:: Material provided ::

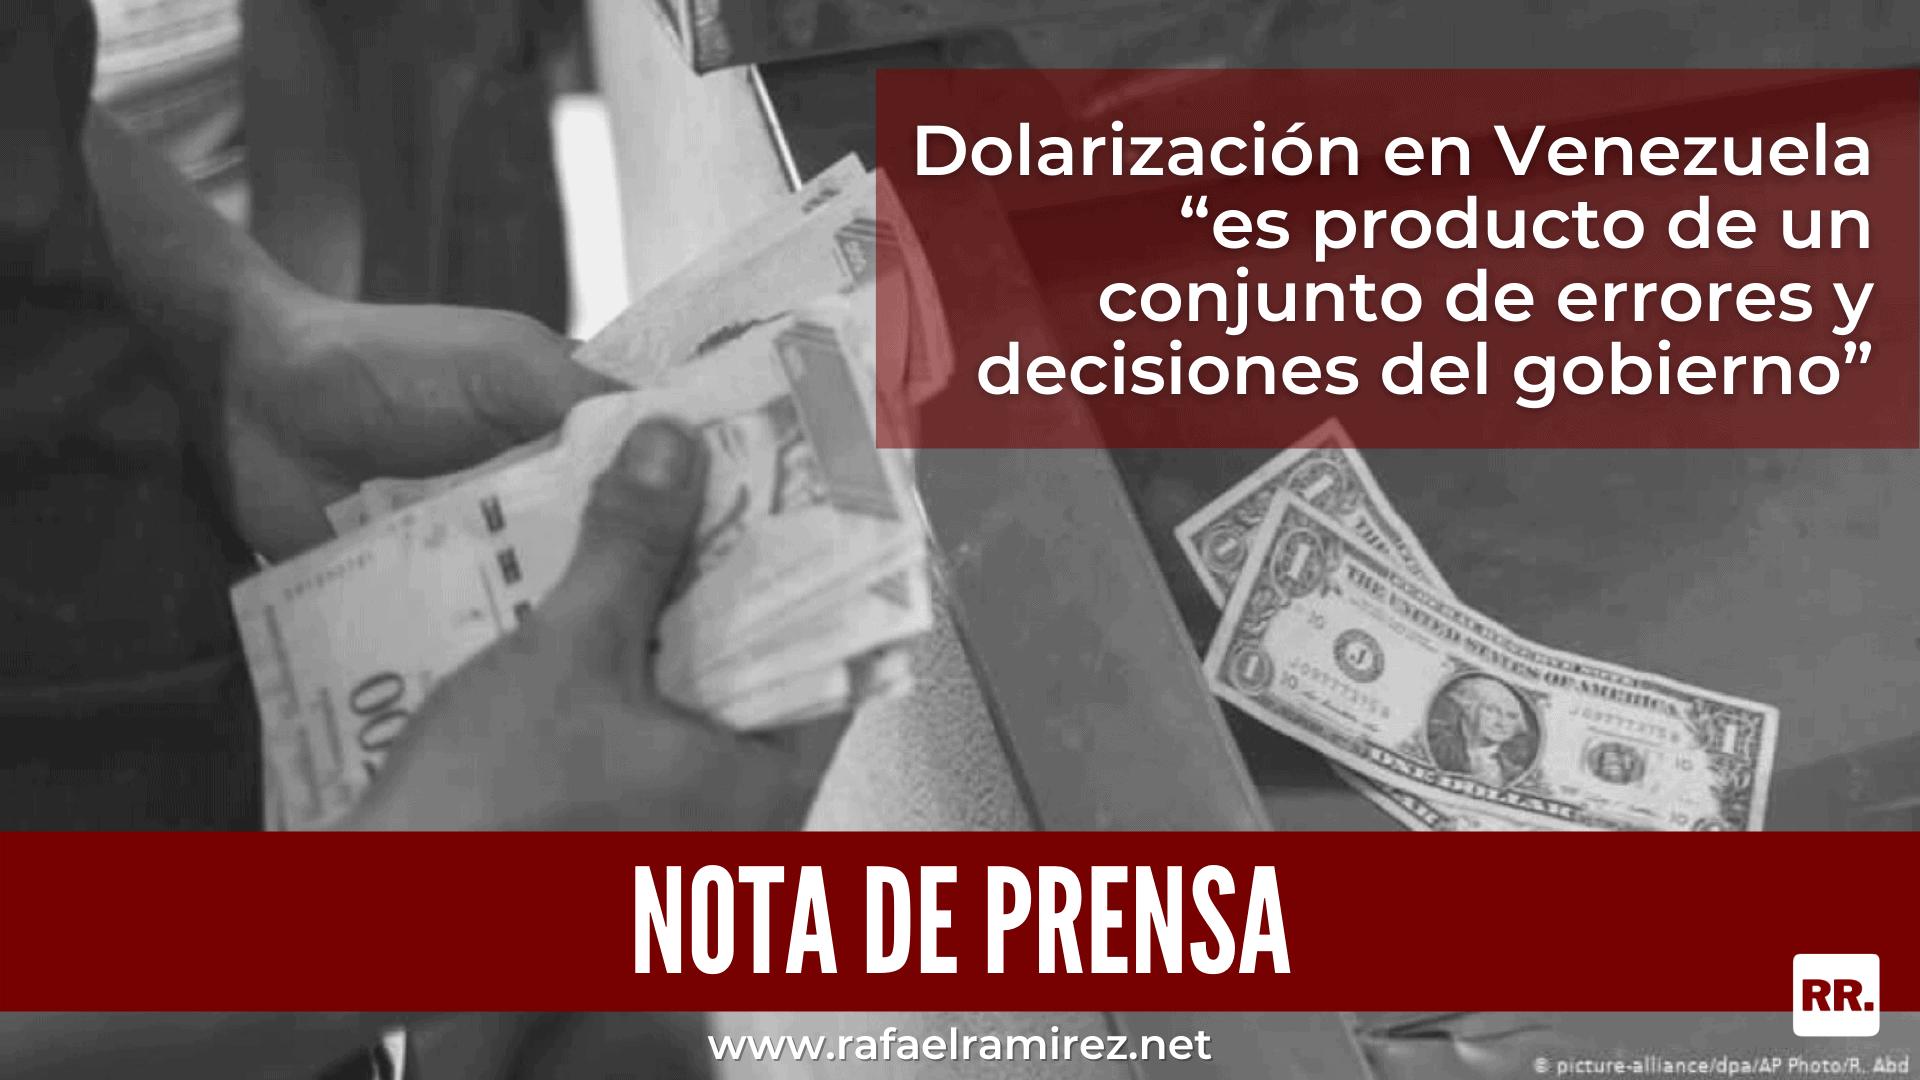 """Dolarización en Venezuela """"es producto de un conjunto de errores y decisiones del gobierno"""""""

:::
:: Material provided ::

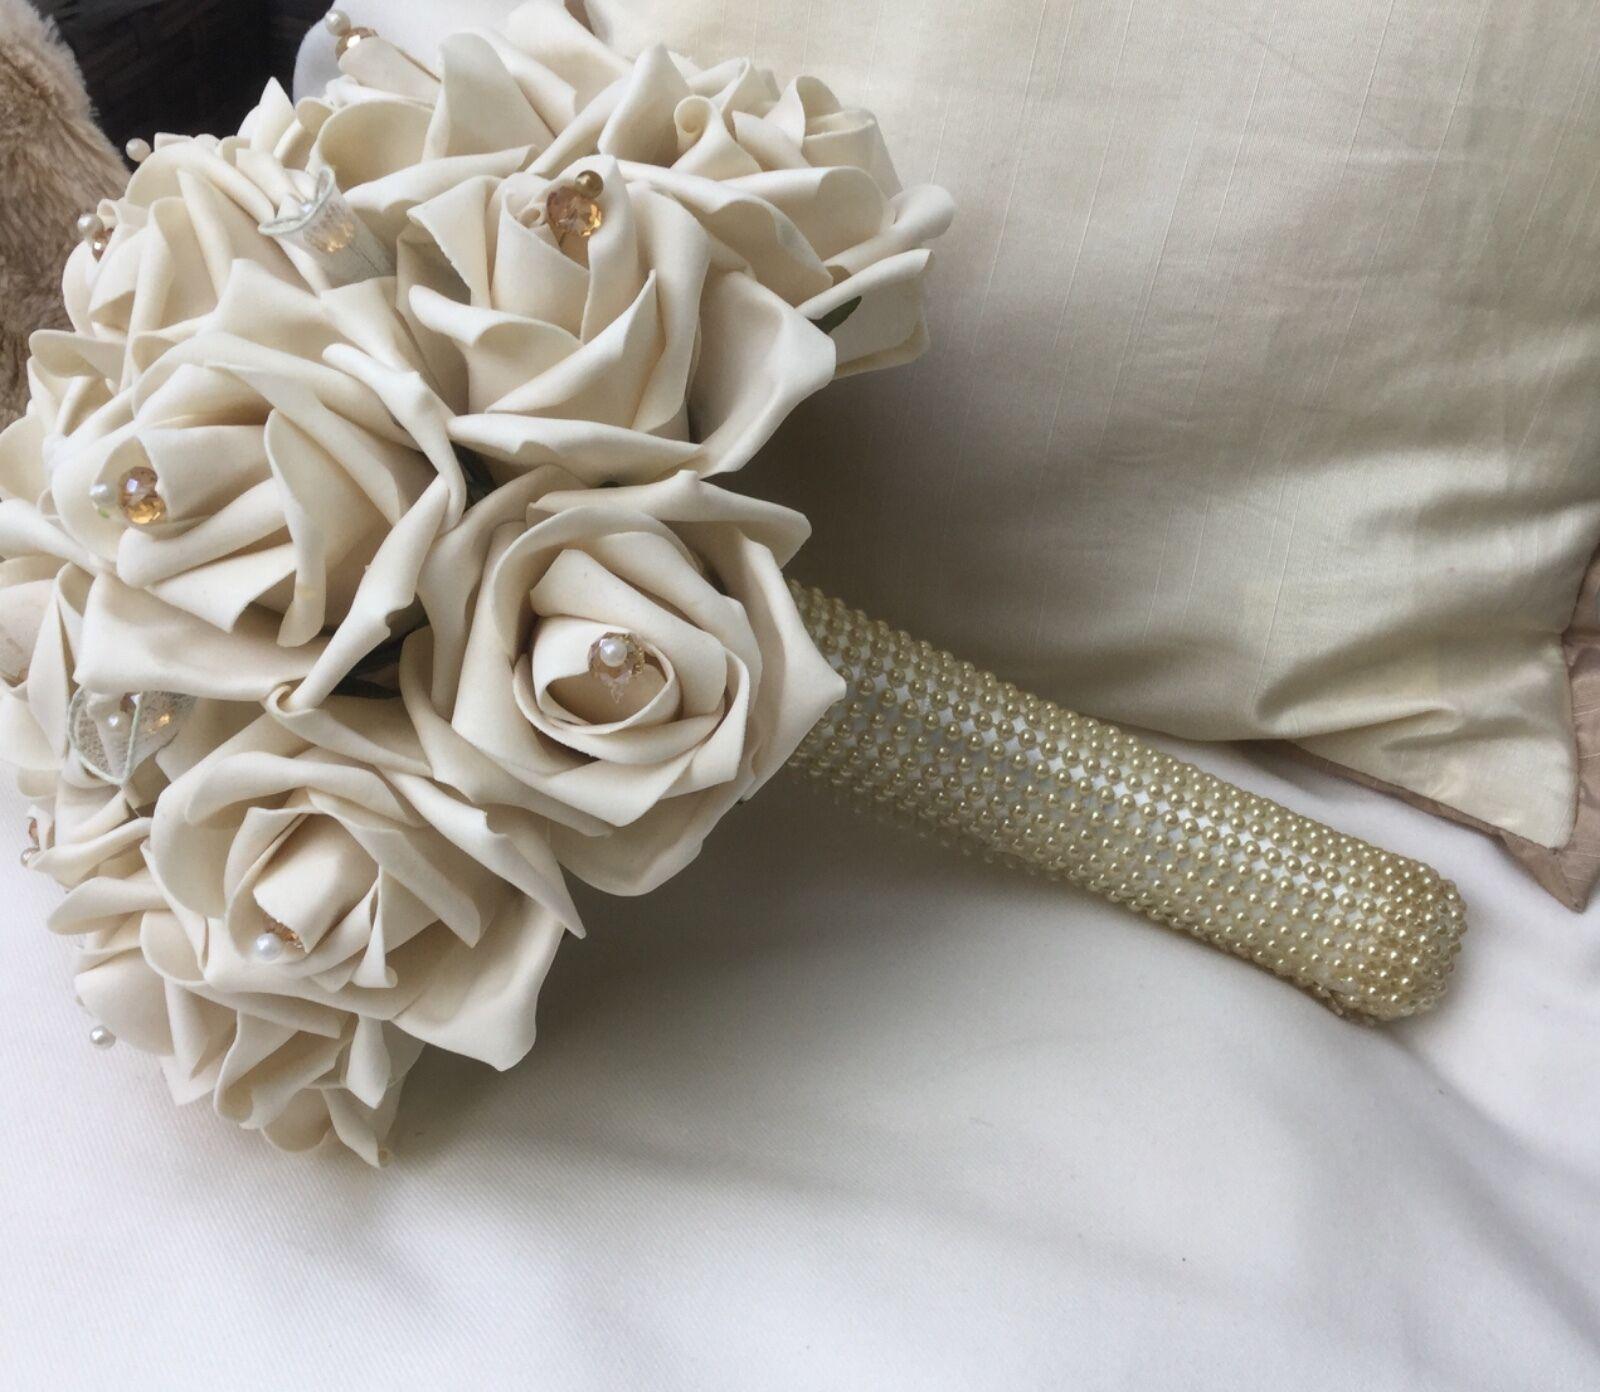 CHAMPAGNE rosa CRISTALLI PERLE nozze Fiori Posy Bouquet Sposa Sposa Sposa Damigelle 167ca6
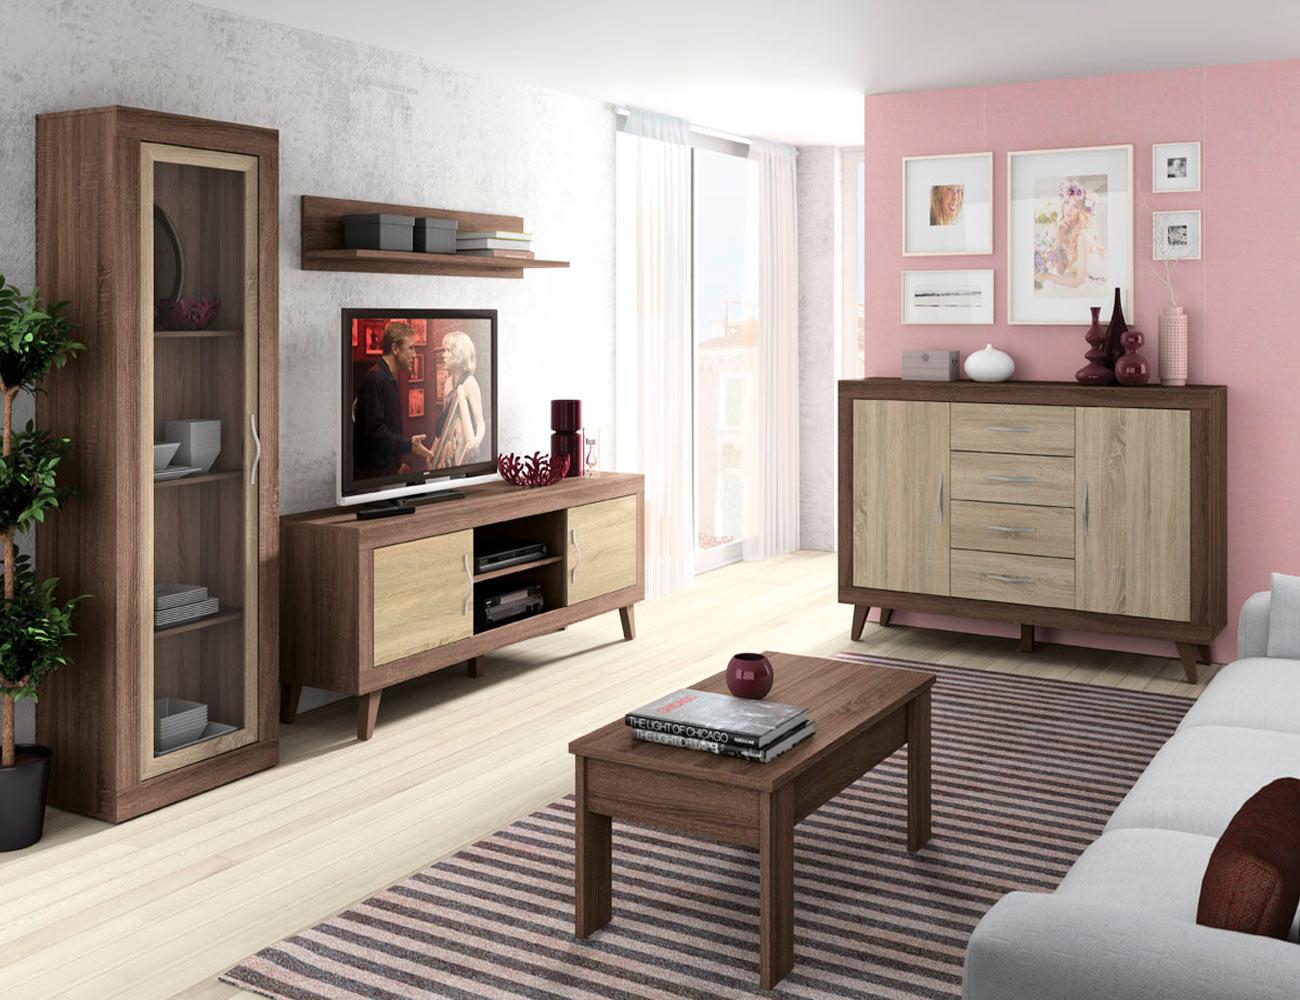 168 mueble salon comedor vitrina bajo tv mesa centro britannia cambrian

:::

* **Task to carry out**
Above are records with pictures. Reproduce exactly only the lines from the line with "CHAMPAGNE rosa CRISTALLI" through the line with "168 mueble salon", both ends included, and leave the pictures out.

* **Response**
 CHAMPAGNE rosa CRISTALLI PERLE nozze Fiori Posy Bouquet Sposa Sposa Sposa Damigelle 167ca6
 168 mueble salon comedor vitrina bajo tv mesa centro britannia cambrian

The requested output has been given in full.